Personal information
- Full name: Shane Heard
- Born: 28 July 1958 (age 68)
- Original teams: Horsham Homers, Horsham DFNL
- Height: 177 cm (5 ft 10 in)
- Weight: 79 kg (174 lb)

Playing career^{1}
- Years: Club / Games (Goals)
- 1977–87, 1991: Essendon / 168 (39)
- ^{1} Playing statistics correct to the end of 1991.

= Shane Heard =

Australian rules footballer

Shane Heard (born 28 July 1958) is a former Australian rules footballer who played with Essendon in the VFL/AFL. He was recruited from the Horsham Homers Football Club in the Horsham District Football League.

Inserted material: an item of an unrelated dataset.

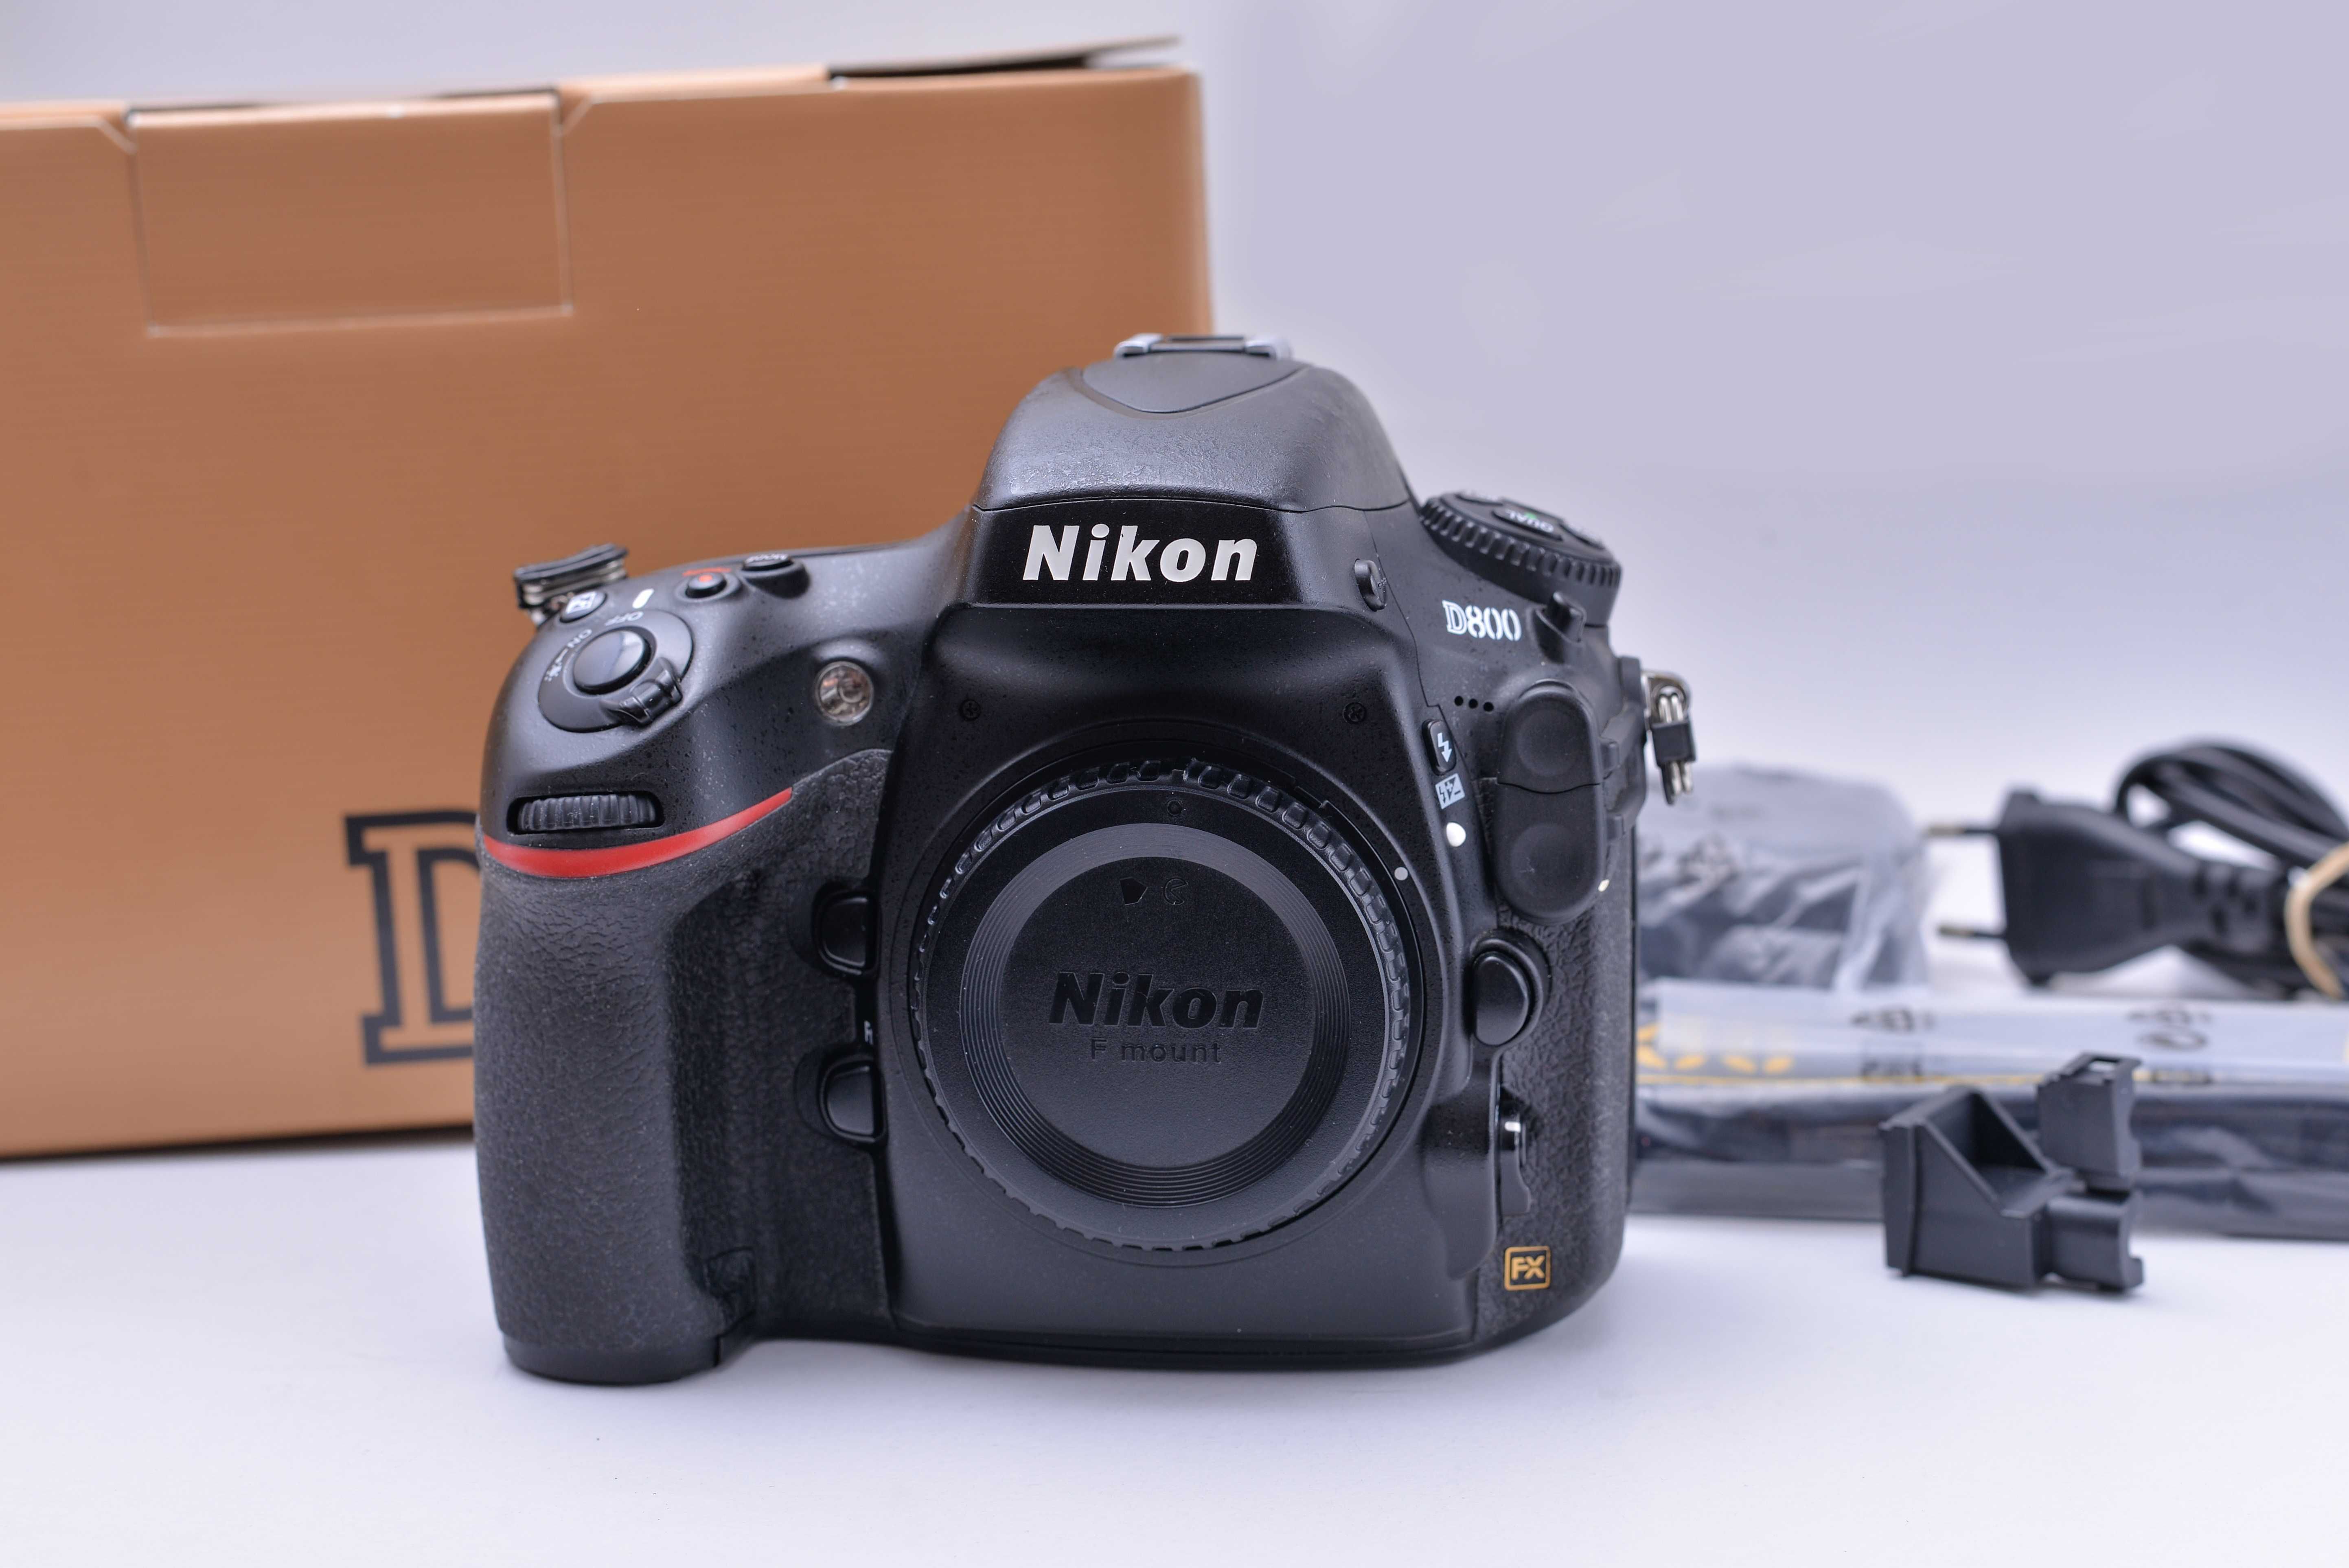 Nikon D800 Excelente estado (26738 disparos) NOVO PREÇO

Heard started his career in 1977 and developed into a high quality tagger.

Heard played in the 1983 VFL grand final loss to Hawthorn and was a member of Essendon's 1984 VFL Premiership team, playing on the wing, tagging Robert DiPierdomenico.

Heard missed out on the 1985 Essendon premiership when he pulled his hamstring in the last training session prior to the grand final.

He retired at the end of the 1987 season but was lured back to the club in 1991 for one final year. Where he was regularly regarded for his unbelievable tagging ability.

Heard played in the 1992 and 1993 Ainslie premiership teams, prior to returning to the Wimmera region.